Read this as three layers. Industrial Independence (IIA) is the security concept — an open spec, claim-by-name, anyone may implement. The role spec is the shape every conversational factory takes: an ingest data plane (passive or active) → a data source of record → a one-way seam → an outside copy → a query plane. Conversational Factory is the open, local product that fills the shape — one coherent, source-available, deployable bundle you run on-site, every line of the seam auditable. The concept is canonical; the product is reference; every role is swappable. The witness is an example of a passive-ingest data plane, discovery an example of an active-ingest one, and modelpond an example of a query plane (the hosted SaaS form); none defines its role. When a concept and a piece of code disagree, the concept is canonical. Status: coming soon — source-available.

It is built on the Industrial Independence Architecture (IIA), a separate architectural specification governing how a sovereign-unit-per-zone industrial system is shaped. IIA is the principle; CF applies the same posture to itself — specify the roles, treat the code as reference.

For the canonical role boundaries — inside historian, outside historian, MCP gateway — including deployment topologies and the diode constraints, see role definitions.

Inside vs outside

The product crosses one structural seam, and the entire design is organized around it: the inside holds the authoritative historian on the trusted network; the outside holds an expendable copy and the query plane (MCP gateway).
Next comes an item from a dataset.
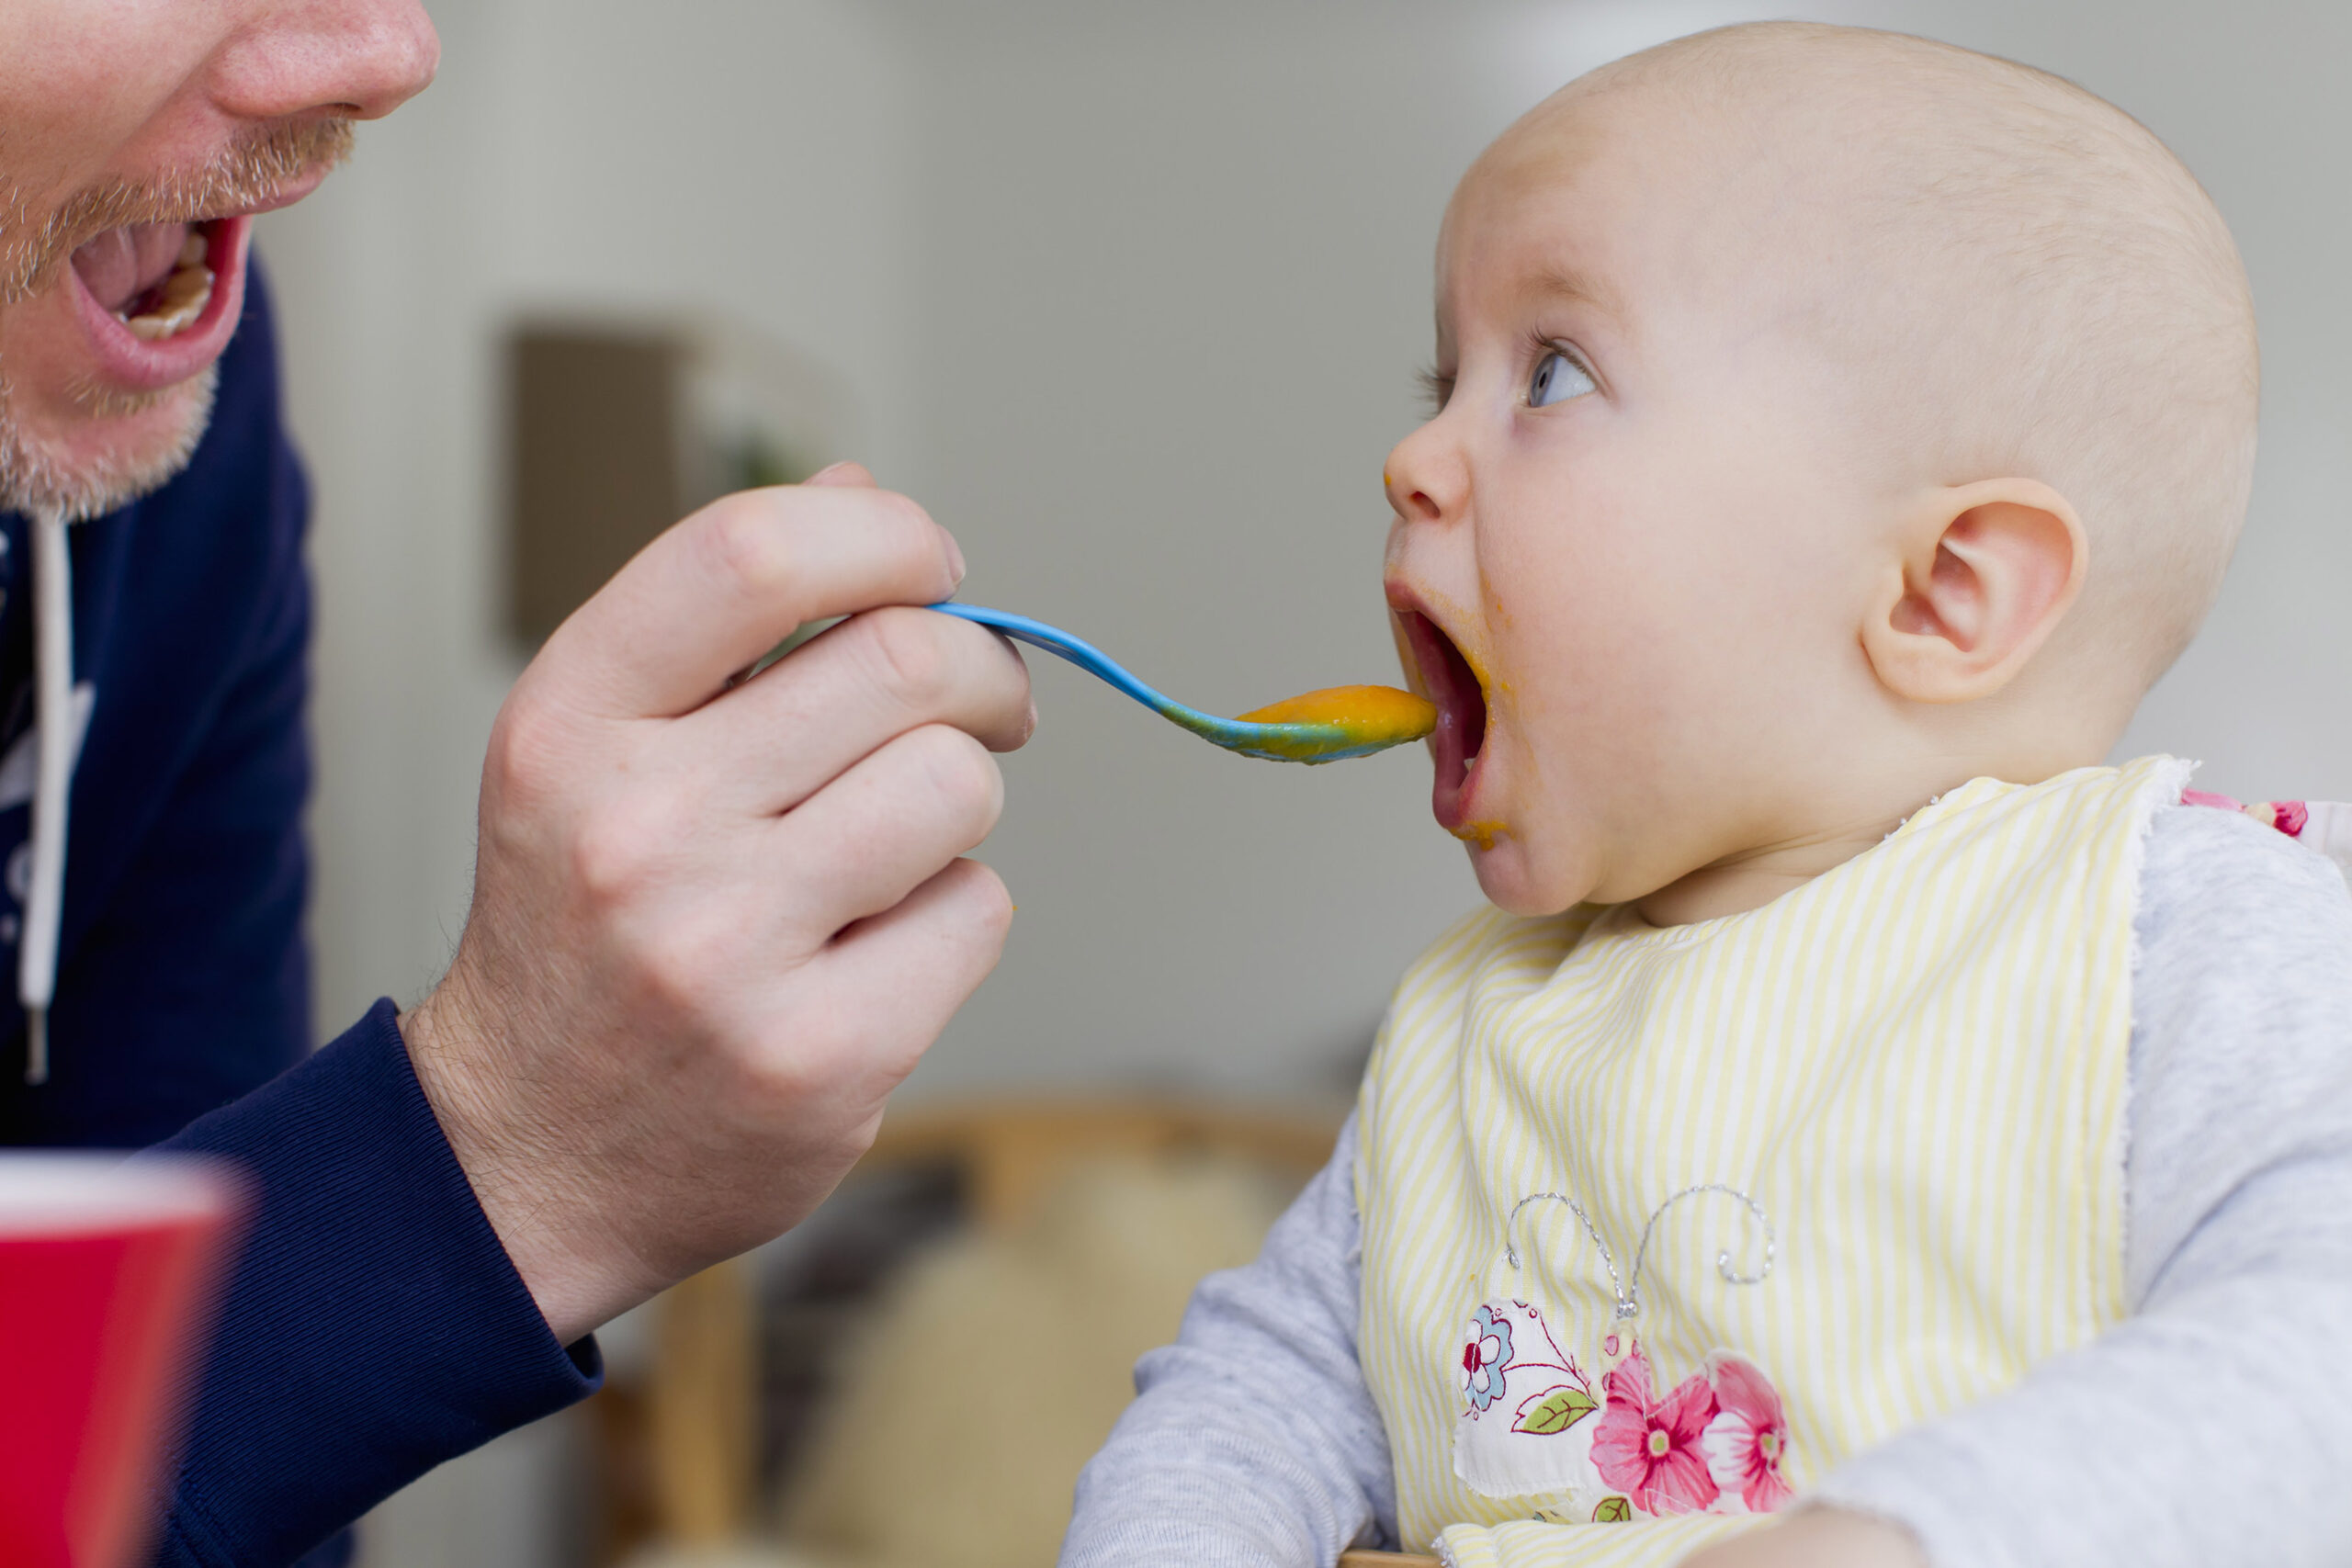 a close up photo of a father feeding his baby with a spoon. The baby has their mouth wide open ready to eat the food on the spoon.

Between them is a one-way sync — datagrams out, no acknowledgement, no return socket — optionally enforced by a hardware data diode.

Why the seam is shaped this way:

  1. The dangerous direction must not exist. Any interface that can answer a question from outside is an interface an attacker can try to reach the plant through. The only way to remove that risk entirely is to remove the return path entirely — not gate it, remove it.
  2. AI lives where humans are. Claude on a workstation, a model in the cloud, a small model at the edge. The gateway has to be near the client; the client is never inside the trusted boundary, so the gateway sits on the outside copy.
  3. LLM-adjacent complexity stays out of the cell. Model versions, prompt drift, token costs, vendor APIs, response variance — IT-side concerns that do not belong inside a sovereign appliance governed by Safety, Reliability, Performance.
  4. The plant cannot depend on the outside. The inside historian is authoritative and self-sufficient. Cut the link and the plant is unaffected; only the outside view goes dark.
  5. Audit cleanliness. The gateway keeps an operator-side ledger (“what was asked”); the inside keeps its own record (“what left”). Different retention, different concerns, correlated by request_id.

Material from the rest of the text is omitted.